A3 Mega (a3-megagpu-8g) machine types provide high-performance network topologies that let you efficiently run large-scale artificial intelligence (AI) and machine learning (ML) training workloads.

To learn more about the A3 Mega accelerator-optimized machine type, see the A3 Mega machine type section in the Compute Engine documentation.

Limitations

You don't receive sustained use discounts and flexible committed use discounts for instances that use an A3 Mega machine type.
You can only use an A3 Mega machine type in certain regions and zones.
You can't use regional Persistent Disk on an instance that uses an A3 Mega machine type.
The A3 Mega machine type is only available on the Sapphire Rapids CPU platform.
Machine type changes aren't supported for A3 Mega machine type. To switch to or from this machine type, you must create a new instance.
You can't run Windows operating systems on an A3 Mega machine type.

Before you begin

Before creating a Slurm cluster, if you haven't already done so, complete the following steps:

Choose a consumption option: your choice of consumption option determines how you get and use GPU resources. To learn more, see Choose a consumption option.
Obtain capacity: the process to obtain capacity differs for each consumption option. To learn about the process to obtain capacity for your chosen consumption option, see Capacity overview.
Verify that you have enough Filestore capacity quota: you need to have enough Filestore quota in your target region before deploying. The required minimum capacity depends on the machine types in your cluster:
- A3 Mega: requires a minimum of 10 TiB (10,240 GiB) of HIGH_SCALE_SSD (zonal) capacity.
To check quota or request a quota increase, see the following:
- To check quota in your project, see View API-specific quota.
- If you don't have enough quota, then request a quota increase.
Install Cluster Toolkit: to provision Slurm clusters, you must use Cluster Toolkit version v1.62.0 or later.
To install Cluster Toolkit, see Set up Cluster Toolkit.

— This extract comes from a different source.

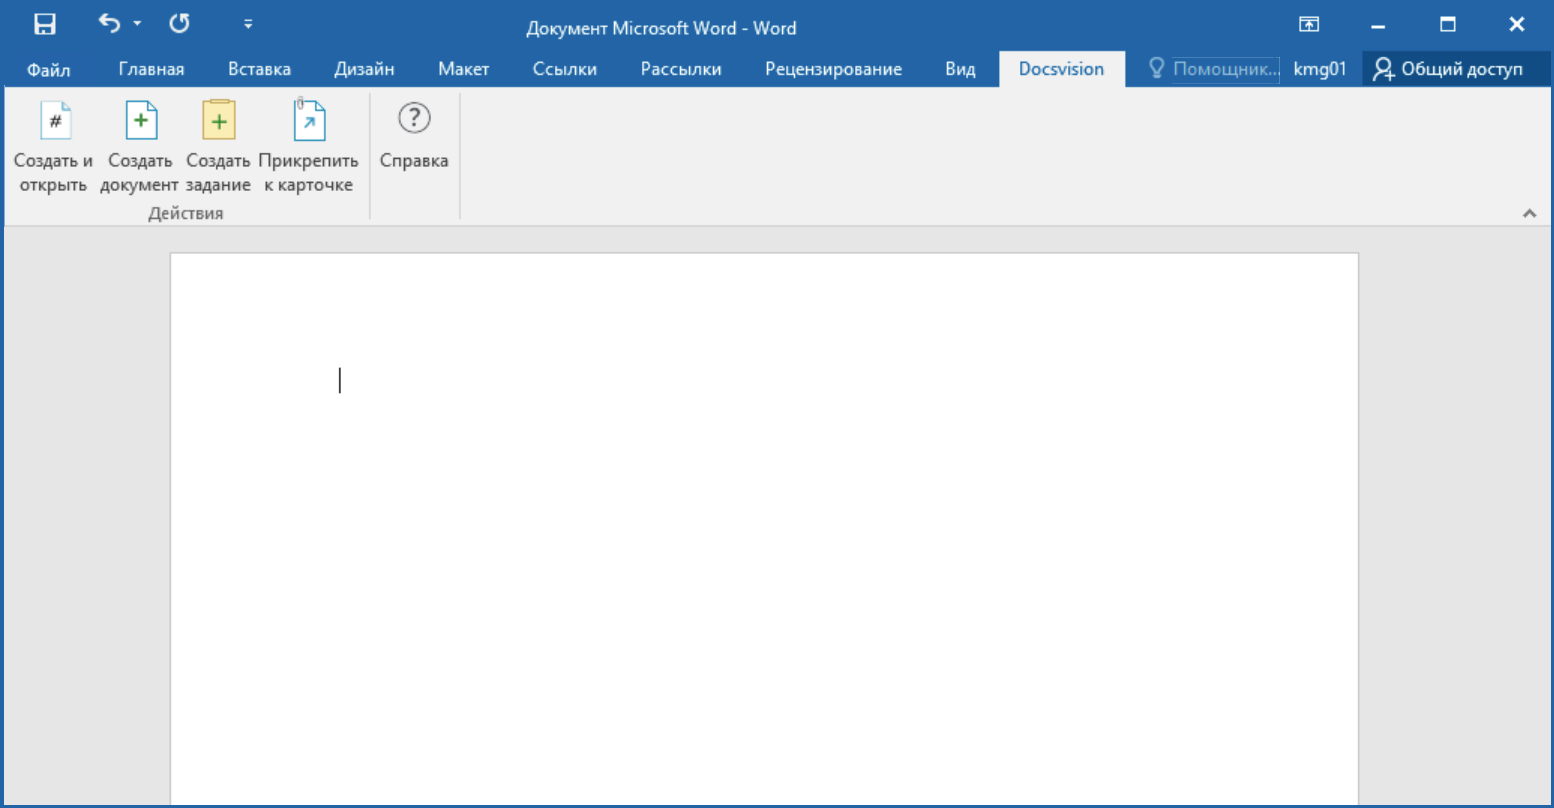 Панель инструментов СЭД Docsvision в интерфейсе Microsoft Word

In the Google Cloud console, activate Cloud Shell.

Activate Cloud Shell

At the bottom of the Google Cloud console, a Cloud Shell session starts and displays a command-line prompt. Cloud Shell is a shell environment with the Google Cloud CLI already installed and with values already set for your current project. It can take a few seconds for the session to initialize.

Required roles

To get the permissions that you need to deploy a Slurm cluster, ask your administrator to grant you the following IAM roles:

Storage Admin (roles/storage.admin) on your project
Compute Instance Admin (v1) (roles/compute.instanceAdmin.v1) on your project
Service Account User (roles/iam.serviceAccountUser) on the service account itself

For more information about granting roles, see Manage access to projects, folders, and organizations.

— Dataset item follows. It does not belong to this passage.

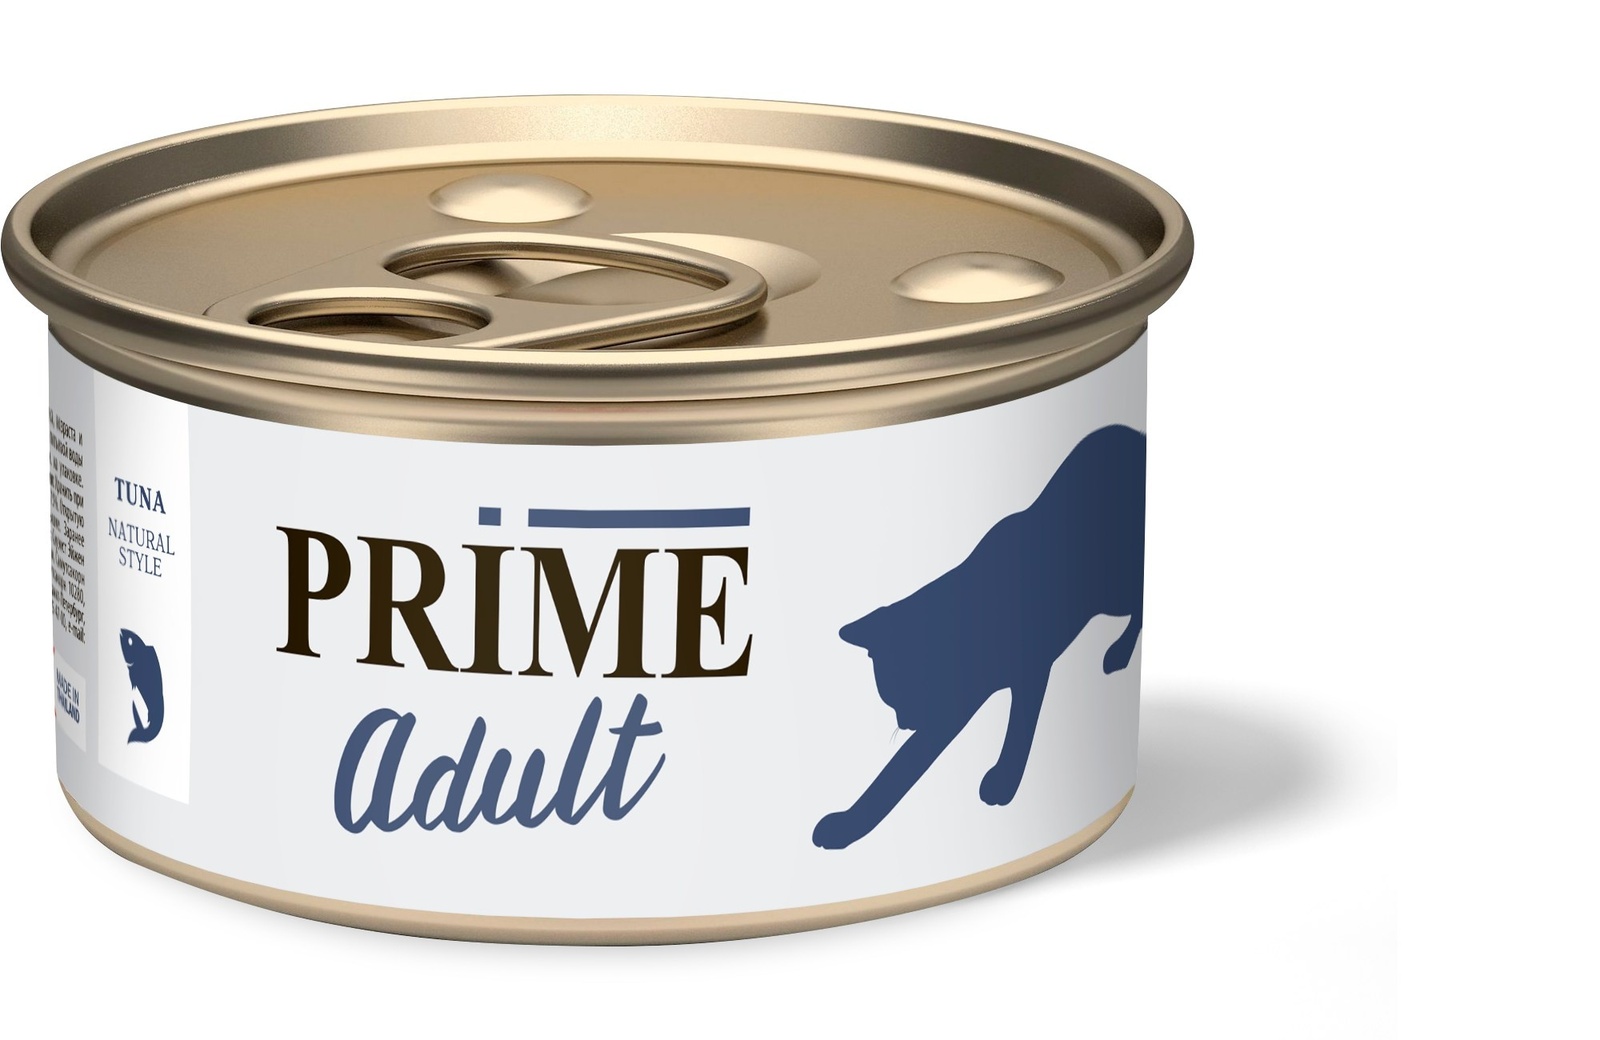 Prime консервы для кошек тунец в собственном соку (70 г) Prime консервы для кошек тунец в собственном соку (70 г) - фото 1

You might also be able to get the required permissions through custom roles or other predefined roles.

Set up Cloud Storage bucket

Cluster blueprints use Terraform modules to provision Cloud infrastructure. A best practice when working with Terraform is to store the state remotely in a version enabled file. On Google Cloud, you can create a Cloud Storage bucket that has versioning enabled.

To create this bucket and enable versioning from the CLI, run the following commands:

gcloud storage buckets create gs://BUCKET_NAME \
    --project=PROJECT_ID \
    --default-storage-class=STANDARD --location=BUCKET_REGION \
    --uniform-bucket-level-access
gcloud storage buckets update gs://BUCKET_NAME --versioning

Replace the following:

BUCKET_NAME: a name for your Cloud Storage bucket that meets the bucket naming requirements.
PROJECT_ID: your project ID.
BUCKET_REGION: any available location.

Reserve capacity

If you plan to use reservation-bound clusters, you must reserve capacity. To reserve capacity, follow the instructions in this section. If you plan to use flex-start or Spot VMs, skip this section.

Reservations help ensure that you have the available resources to create A3 Mega VMs with the specified hardware (memory, vCPUs, and GPUs) and attached Local SSD disks whenever you need them. To review the different methods to reserve resources for creating VMs, see Choose a reservation type.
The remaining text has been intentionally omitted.